数で高知と東京を比較したところで、当然なんにもならない。高知が数の大小で勝てるのは面積くらいなもんだ。東京の不戦勝だ。そんな話を田舎から来た人間にすんなっつーの。
そして、たとえば「自分で食う」という、東京や大阪ではそこそこの度胸が必要なことが、高知では比較的容易く実現するような気がする。長い目で見て食い続けられるかどうかは別として、働くということの充足感がおそらく東京や大阪あたりよりもなんとなく素早く得られそうな感じがする。諸経費が全体的には低い分、やっぱり東京大阪よりははるかにはじめやすいし、つながりがあればそこから広がる速度はそれなりに速い(つまり、言い方を変えればつながりがないとかなりしんどい)。
問題は市場のボリュームが少ないということだけど、大金持ちを目指しているわけでもないから少なくとも現段階ではそれほどの問題にはなっていない。
そして、逆にいえば普通のサラリーマンになりたい人にはかなり厳しい土地柄かもっていうことだ。そもそも職がないわけで。
そんなこんなで、全部じゃないにしても、こんな感じの高知の変わったところが「高知家」プロモーションあたりから東京民にもバレはじめて、ここんとこ超部分的に受けはじめてるんかなと思う(自由民権の終焉以後の100年間にわたり「地味県」の大関格だった高知の歴史上、超部分的とはいえこんな状況自体が稀なことだw)。まあカツオが旨すぎるってのもあると思うけど。
人の勝手だけど、そうもいかないと思うのね。
だけども、ここでモヤモヤが出てくる。
ネイティブな自分は、当然ながら人生のおわりまでここで暮らして行こうと思っているわけで、いまさらこんな居心地いい場所からどっかに移って暮らそうという考えはもはや毛の一本も出てこない。特に独立して仕事をはじめてからは、もうよそへ移るという選択肢はなくなった。高知のために何ができるかってことを考えるだけだ。
だけど、移住者ってどうなんだろうなと当然思う。たぶん、結構高い割合でそこまでの気持ちはないだろう。いつかは東京に戻るかも知れないし、高知に飽きたらまた別のところでもいいじゃんてな感じのところも正直あるだろうなと。むろんそれはそれで1つの生き方だし人の勝手だ。
しかし、モヤモヤするのは、高知ってものがそれぞれのセルフプロデュース上で物語をつくる「ひとつのパーツ」扱いになるのだとすれば、それは長い目で見れば高知にとって不幸かも知れないとも思うところだ。

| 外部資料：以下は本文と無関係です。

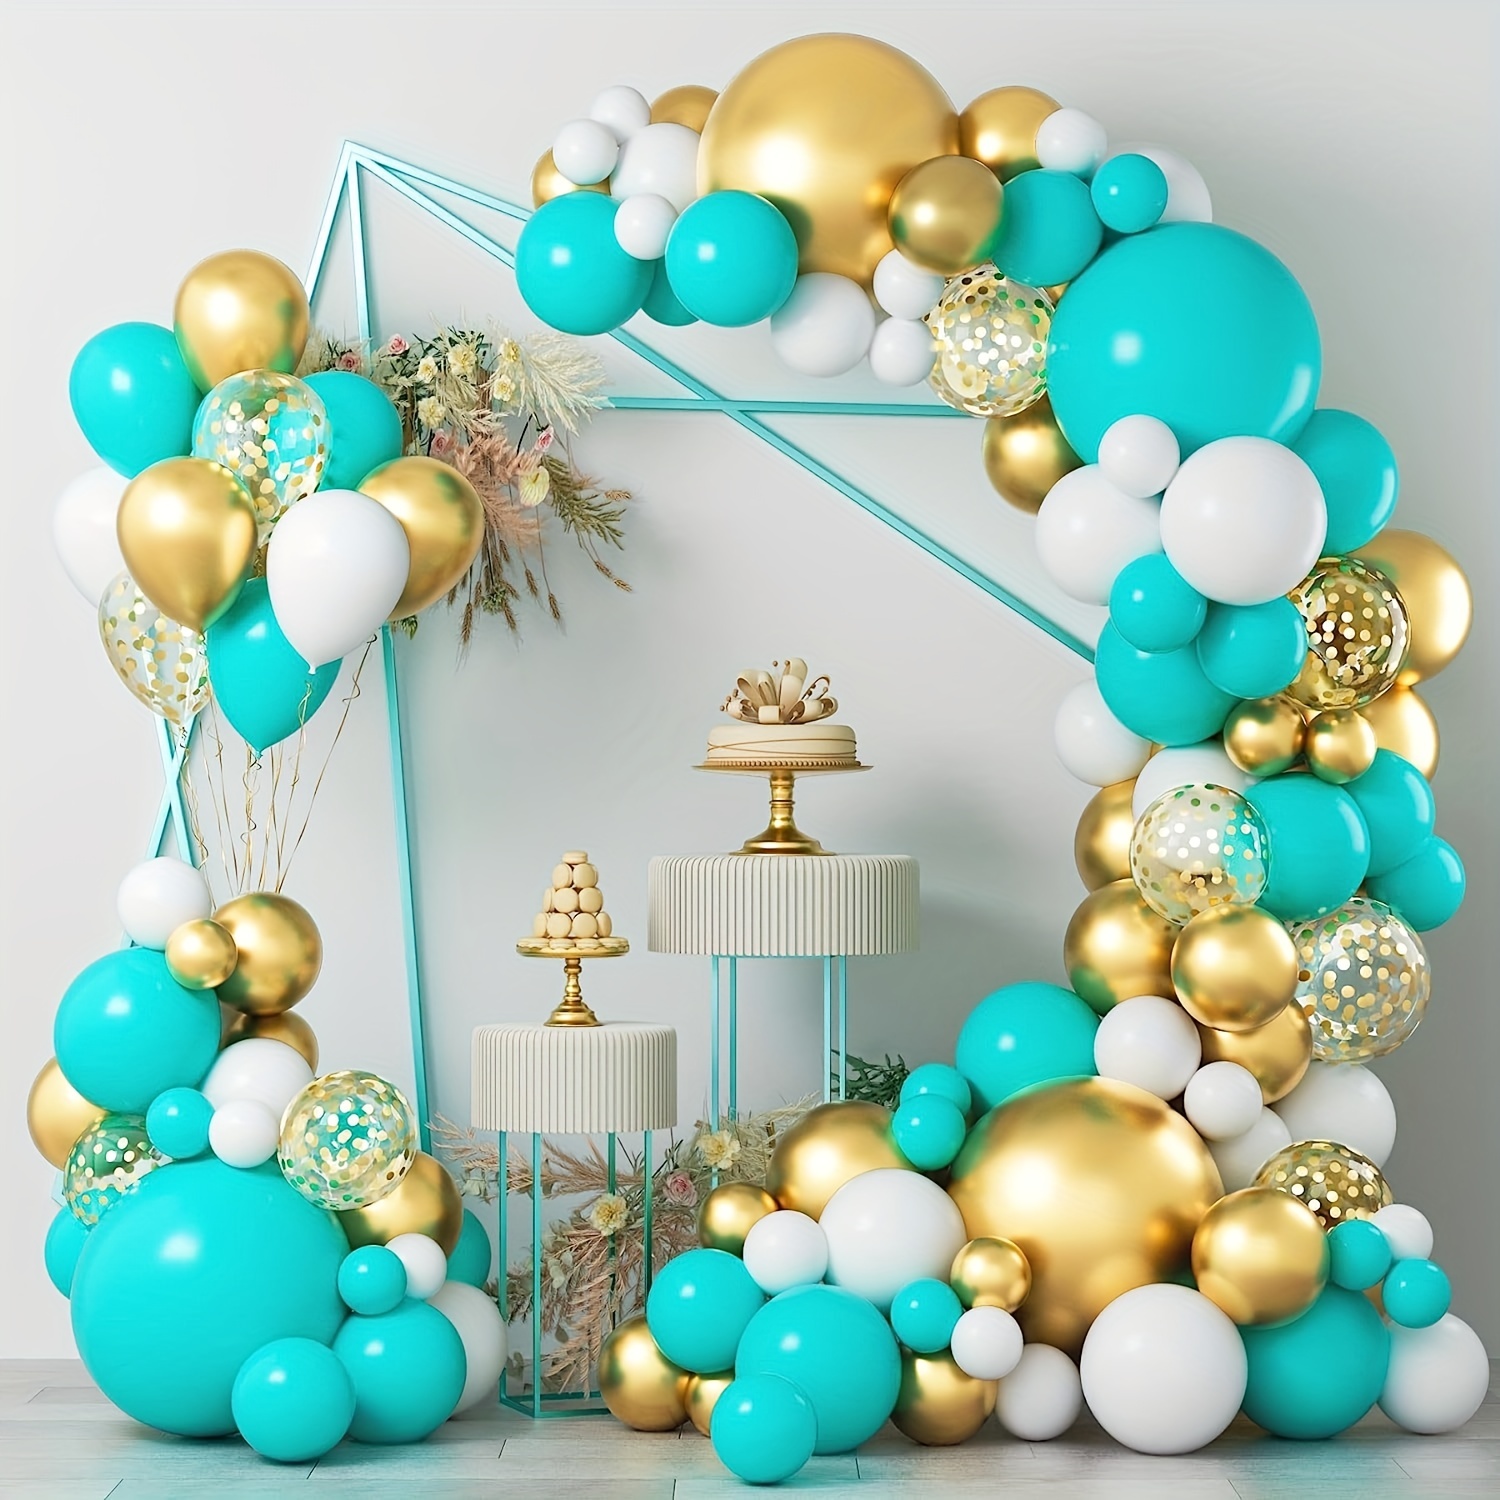 Globos de látex de confeti de color verde azulado y plateado, 50 globos de  látex de confeti turquesa, azul, blanco, plateado, para bodas, despedidas

上で書いた「高知の良さ」は確かに人口吸引力にはなりはじめていると思うけど、それでは吸引された人々は「高知の風土や文化」にどこまで根付いた解答を出せるのか。そこにこだわりすぎる必要はないかも知れないけど、そこにある程度こだわらないと北関東のようなアイデンティティを喪失気味の曖昧空間になっちゃいそうな気もする。どこの地方でやってもよさげな解答(仕事)を出すのか、出さないのか。ただ「出す」ということにだけカタルシスを感じちゃったりして終わられるのだったら、やっぱりそれは迷惑だなーと思うのだ。
高知がそんなタイプの人々の「部品取り車」みたいになっていけばいくほど、後に残るものは何なのかよく分からないことになる。なんつか、国境のボーダレス化で移民が増えて国ってなんだってことになりはじめているEUとなんとなく被る。
ただ、これはそのまま高知民にも返ってくる言葉でもあるわけで。。。高知の風土や文化、つまりアイデンティティ的なところに、どれだけ応えているのか、応えていこうと考えているのか、っていう。おいらの生業であるデザイン業でも、梅原真さんや迫田司さんのような人々はそこにとことんこだわっている。まあそれでやりすぎ感のあるときもあるなと思うけど、自分らも含めたその下のモノコトを作ろうとする世代はどうなんだと、自問自答せざるをえない。
そしてもうひとつのモヤモヤは、東京では遊牧民的な生き方もある種ひとつの生き方かも知れないけど、それが農耕民族的な田舎に合うのかどうかってことだ。腰を据えてない相手を信用しようとしないのは、良くも悪くも田舎の必定。田舎はやっぱりどー転んでも面倒なところなわけで、そこに違う生き方を挟むことで起きる問題に目を瞑り続けるわけにもいかないだろうとも思うわけで、ここらへんも「移住」がなんとなくブームになっていることの違和感につながっているような気がする。
要は、「いつかいなくなるんだったら最初っからいなきゃいいのに」っていうことだ。
そんなモヤモヤが、311後の移住者急増時からずっとあって、今回の移住噺を知ってますます大きくなった次第。